### [Recorded data]
==========

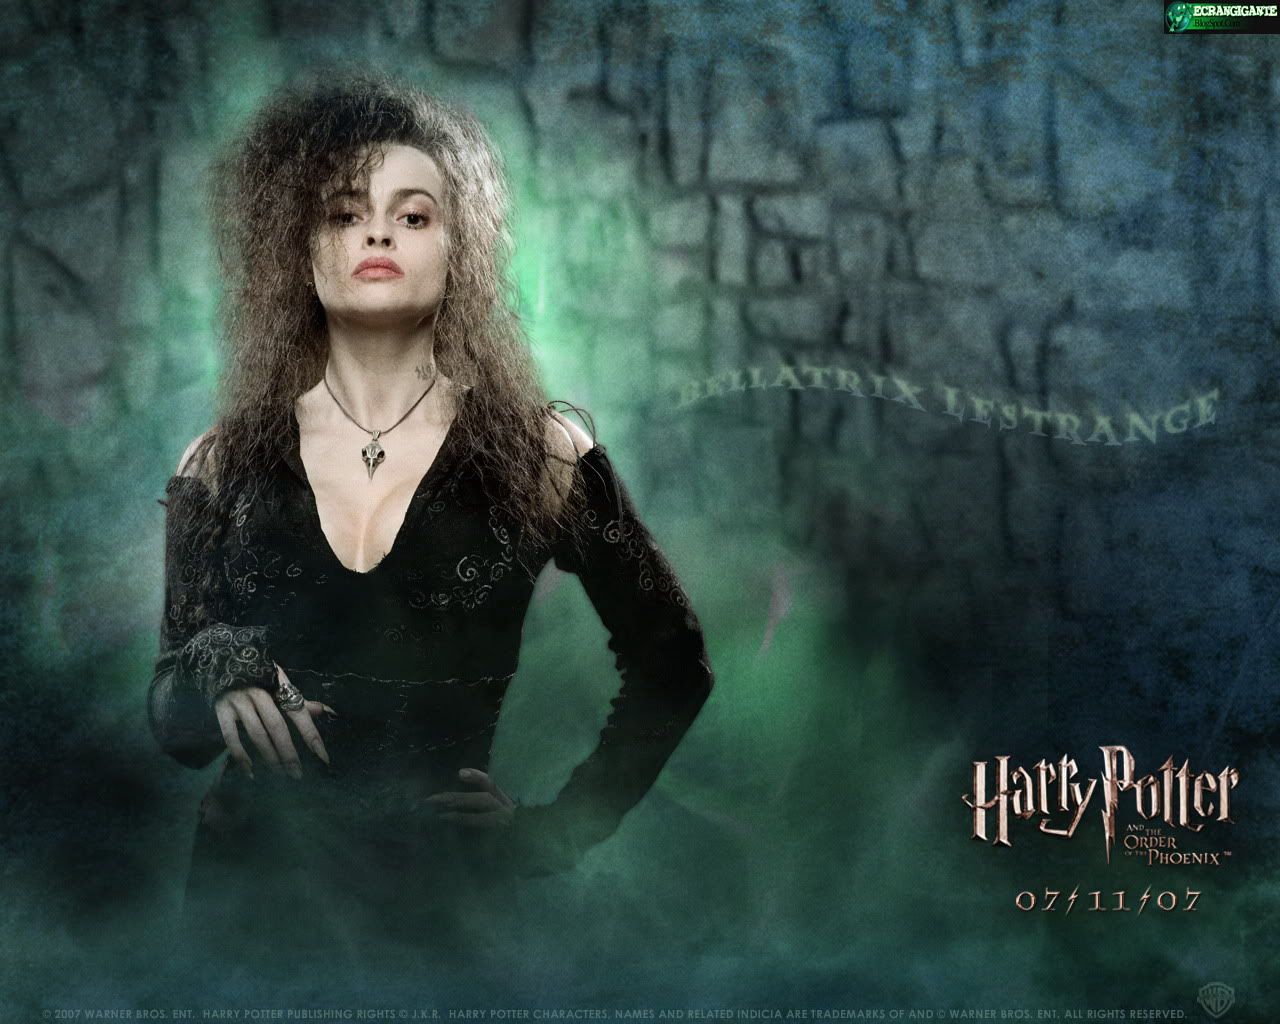 EcranGigante - Posters, Wallpapers & Trailers de Filmes.: Harry Potter e a Ordem da ...1280 x 1024
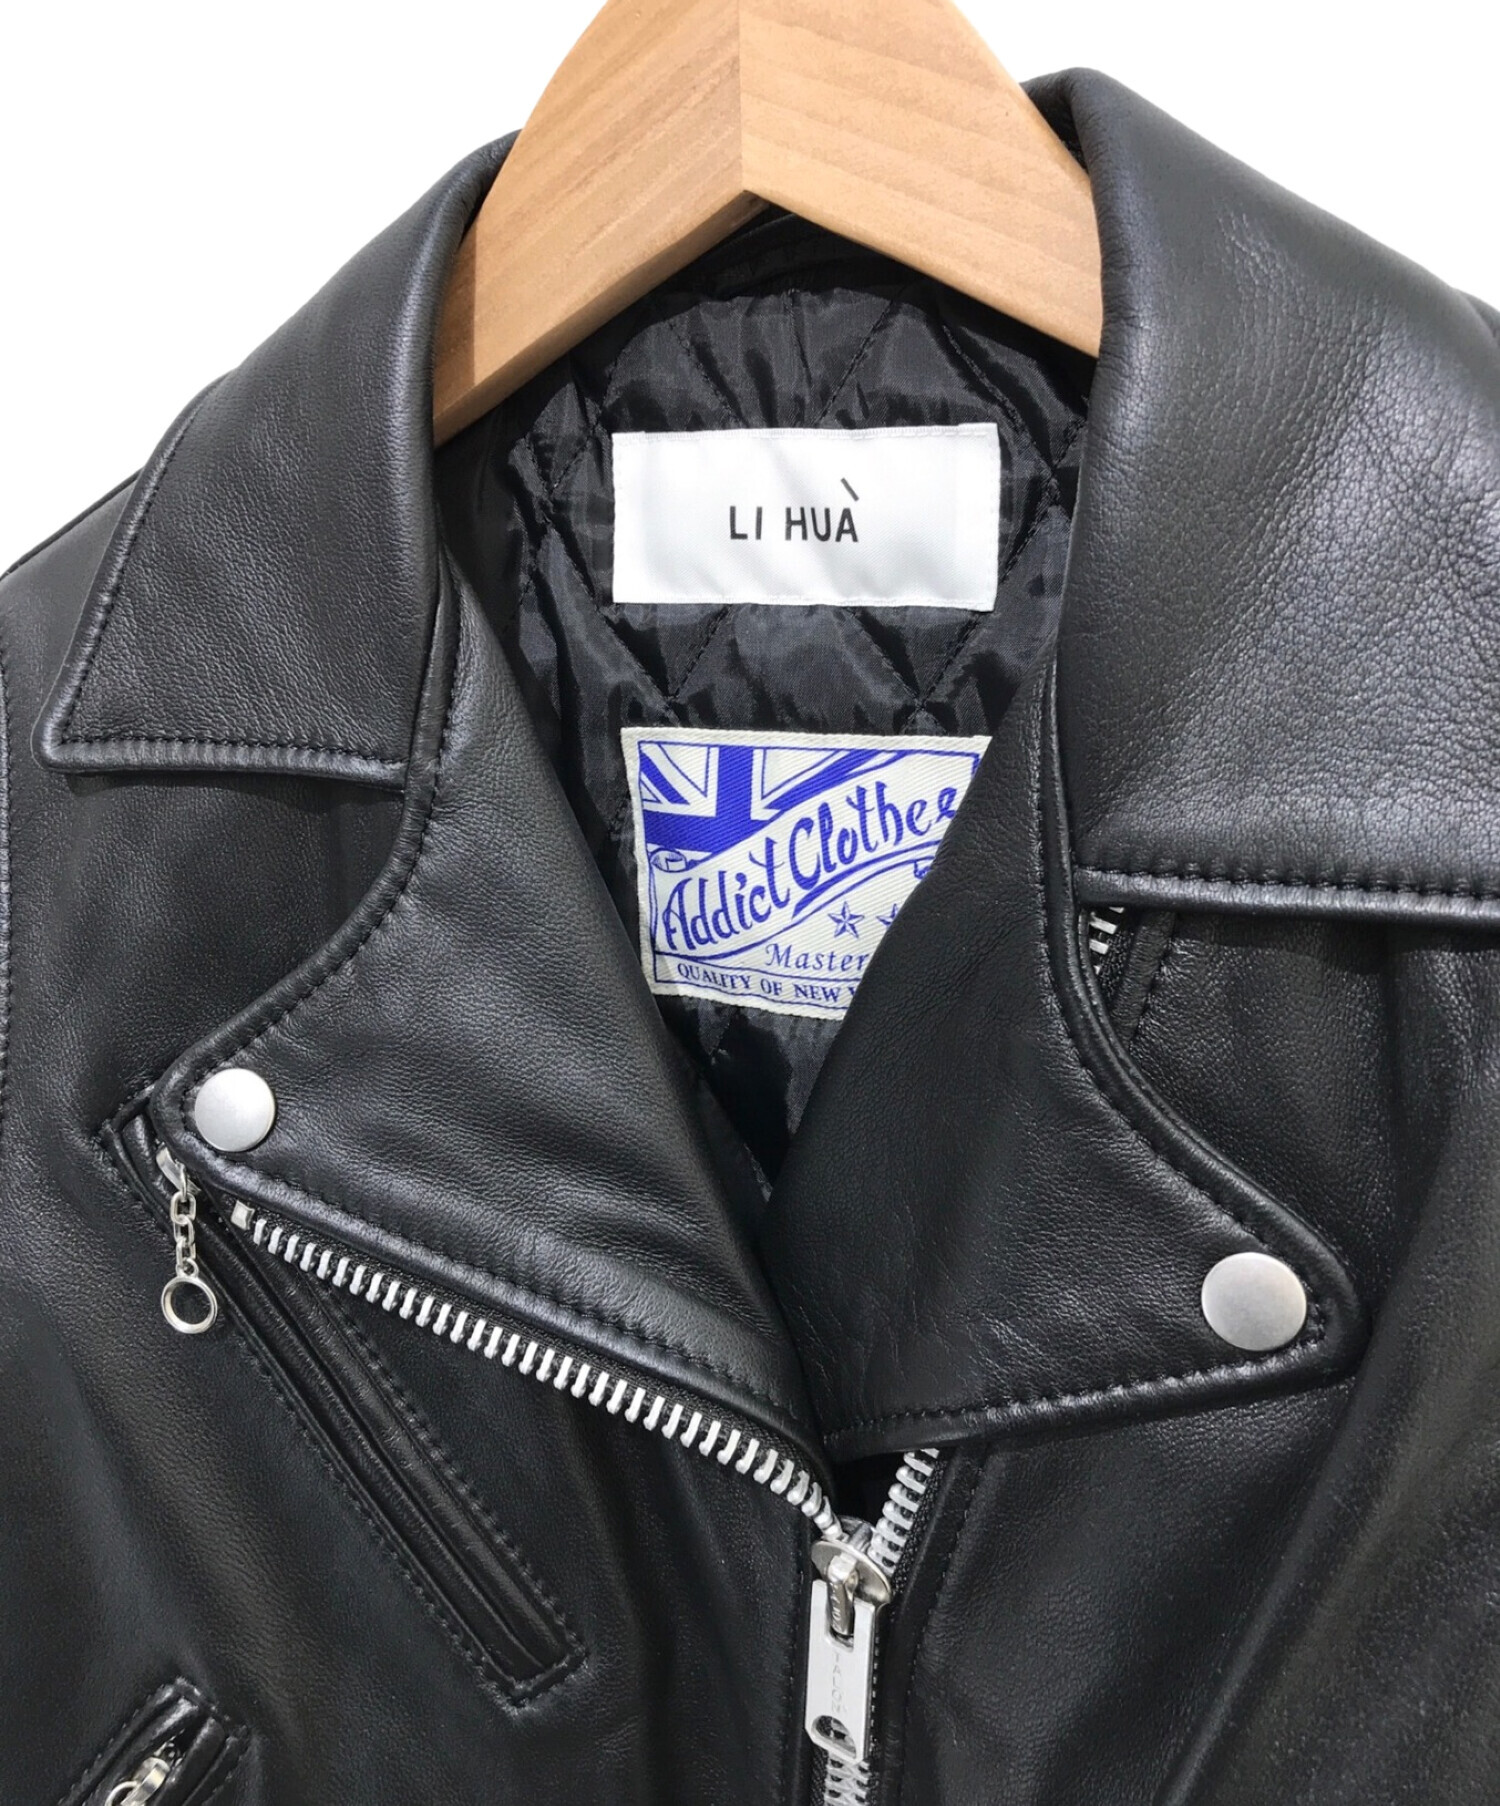 LI HUA×ADDICT CLOTHES (リーファー×アディクトクローズ) シープレザーライダースジャケット ブラック サイズ:S
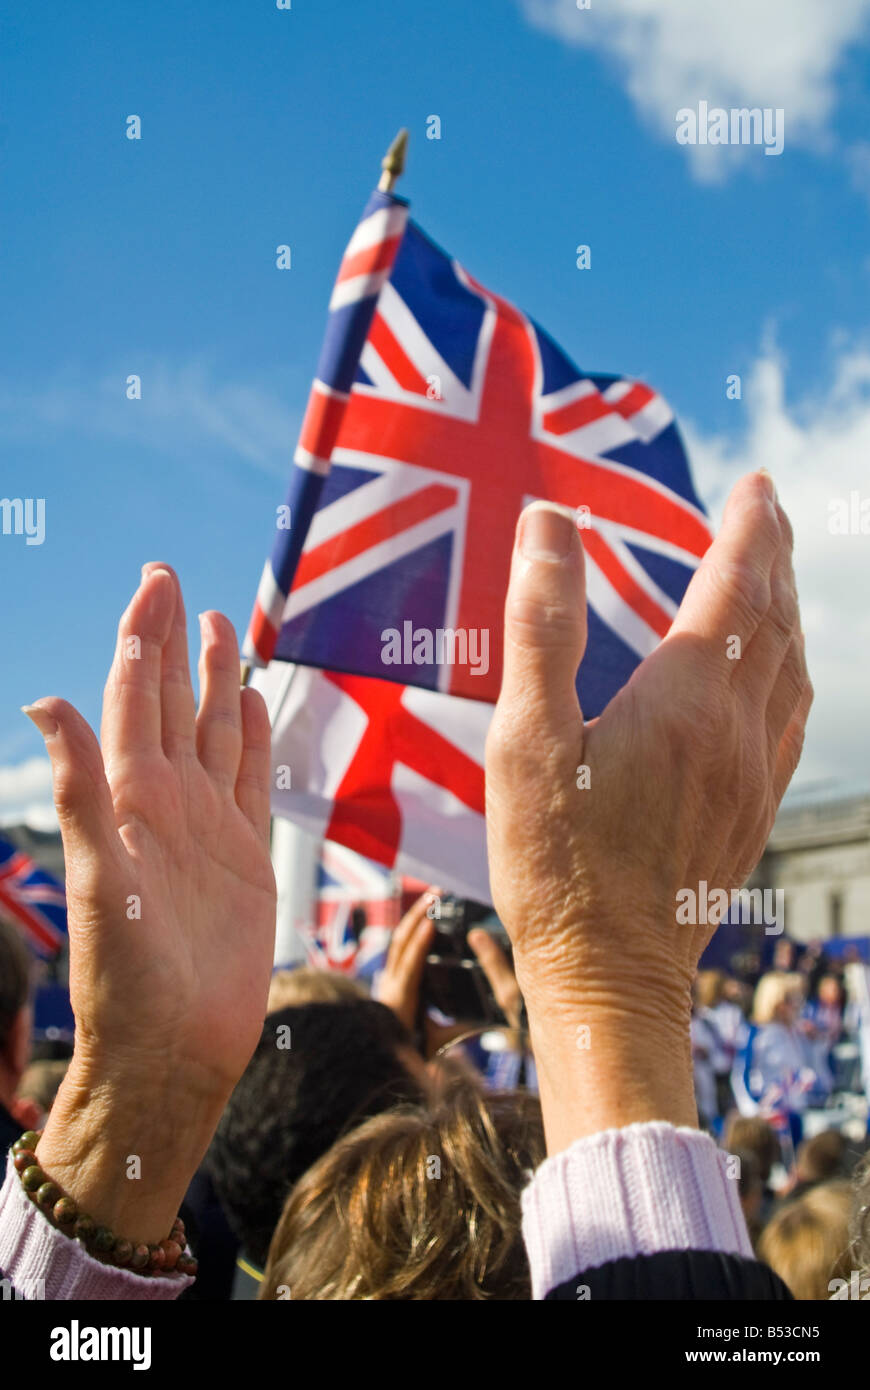 Close up vertical des foules applaudissant et forme Union Jack et St George Cross drapeaux lors d'une cérémonie organisée à Londres. Banque D'Images

==========

### [What is required]
Pictures are to be omitted. The lines from the line holding "LI HUA×ADDICT CLOTHES" through the closing line of the data above are to be set down exactly, and nothing more.

### [Problem solution]
 LI HUA×ADDICT CLOTHES (リーファー×アディクトクローズ) シープレザーライダースジャケット ブラック サイズ:S
 Close up vertical des foules applaudissant et forme Union Jack et St George Cross drapeaux lors d'une cérémonie organisée à Londres. Banque D'Images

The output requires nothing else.